2016 was also the year Rasa was first released and we saw the first community contributions come in on GitHub. Open source communities live and die by their users and contributors, and this is doubly true for Rasa, where our global community builds assistants in hundreds of human languages. Xiaoquan Kong and Guan Wang have been leading members of our community for years and I am grateful for their many contributions. Not least Xiaoquan's efforts to ensure Rasa has robust support for building assistants in Mandarin. I've been eagerly awaiting the publication of this book.
Conversational AI with Rasa covers precisely the topics required to become proficient at building real-world applications with Rasa. Aside from covering the fundamentals of natural language understanding and dialogue management, the book emphasizes the real-world context of building great products. In the first chapter, you are challenged to think whether a conversational experience is even the right one to build. The book also covers the essential process of Conversation-Driven Development, without which many assistants get built but fail to serve their intended users. Additionally, readers are taught practical skills like debugging an assistant, writing tests, and deploying an assistant to production.

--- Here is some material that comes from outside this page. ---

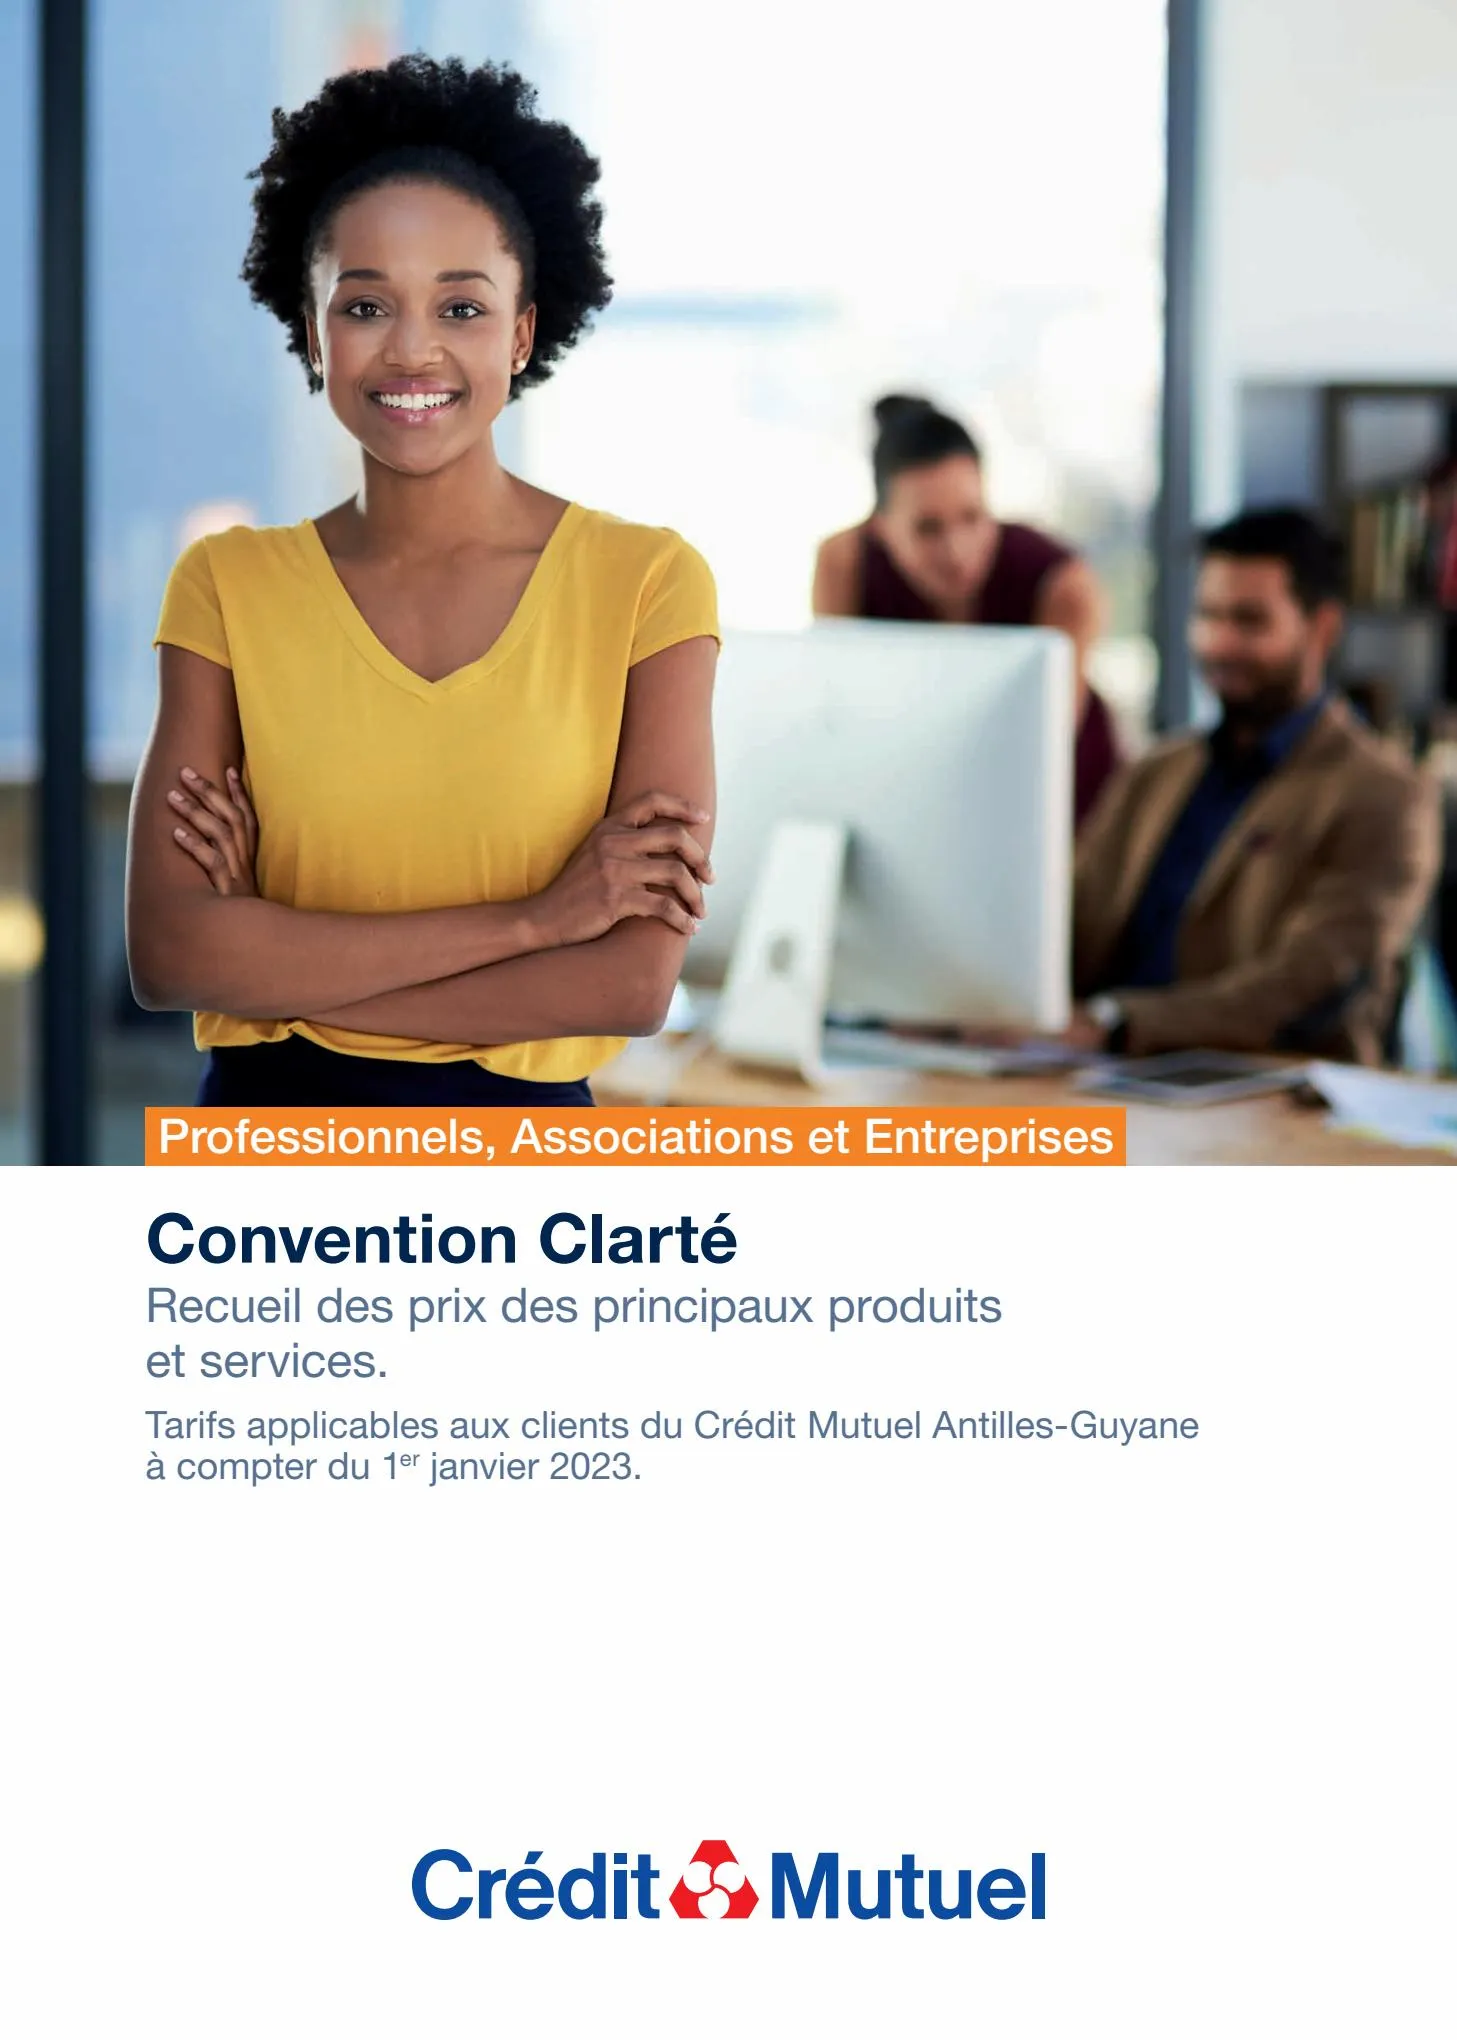 Catalogue Convention Clarté professionnels, agriculteurs, associations et entreprises CMAG, page 00001

This book will be of great use for anyone starting out as a Rasa developer, and I'm sure many existing Rasa developers will discover things they didn't know.
Alan Nichol
Co-founder and CTO, Rasa
Xiaoquan Kong is a machine learning expert specializing in NLP applications. He has extensive experience of leading teams to build NLP platforms for several Fortune Global 500 companies. He is a Google Developer Expert in machine learning and has been actively involved in contributing to TensorFlow for many years. He also has actively contributed to the development of the Rasa framework since the early stages and became a Rasa Superhero in 2018. He manages the Rasa Chinese community and has also participated in the Chinese localization of TensorFlow documents as a technical reviewer.Guan Wang is currently working on Al applications and research for the insurance industry. Prior to that, he worked as a machine learning researcher for several industry Al labs. He was raised and educated in mainland China and lived in Hong Kong for 10 years before relocating to Singapore in 2020. Guan holds BSc degrees in physics and computer science from Peking University, and an. MPhil degree in physics from HKUST. Guan is an active tech blogger and community contributor to open source projects including Rasa, receiving more than 10,000 stars for his own projects on GitHub.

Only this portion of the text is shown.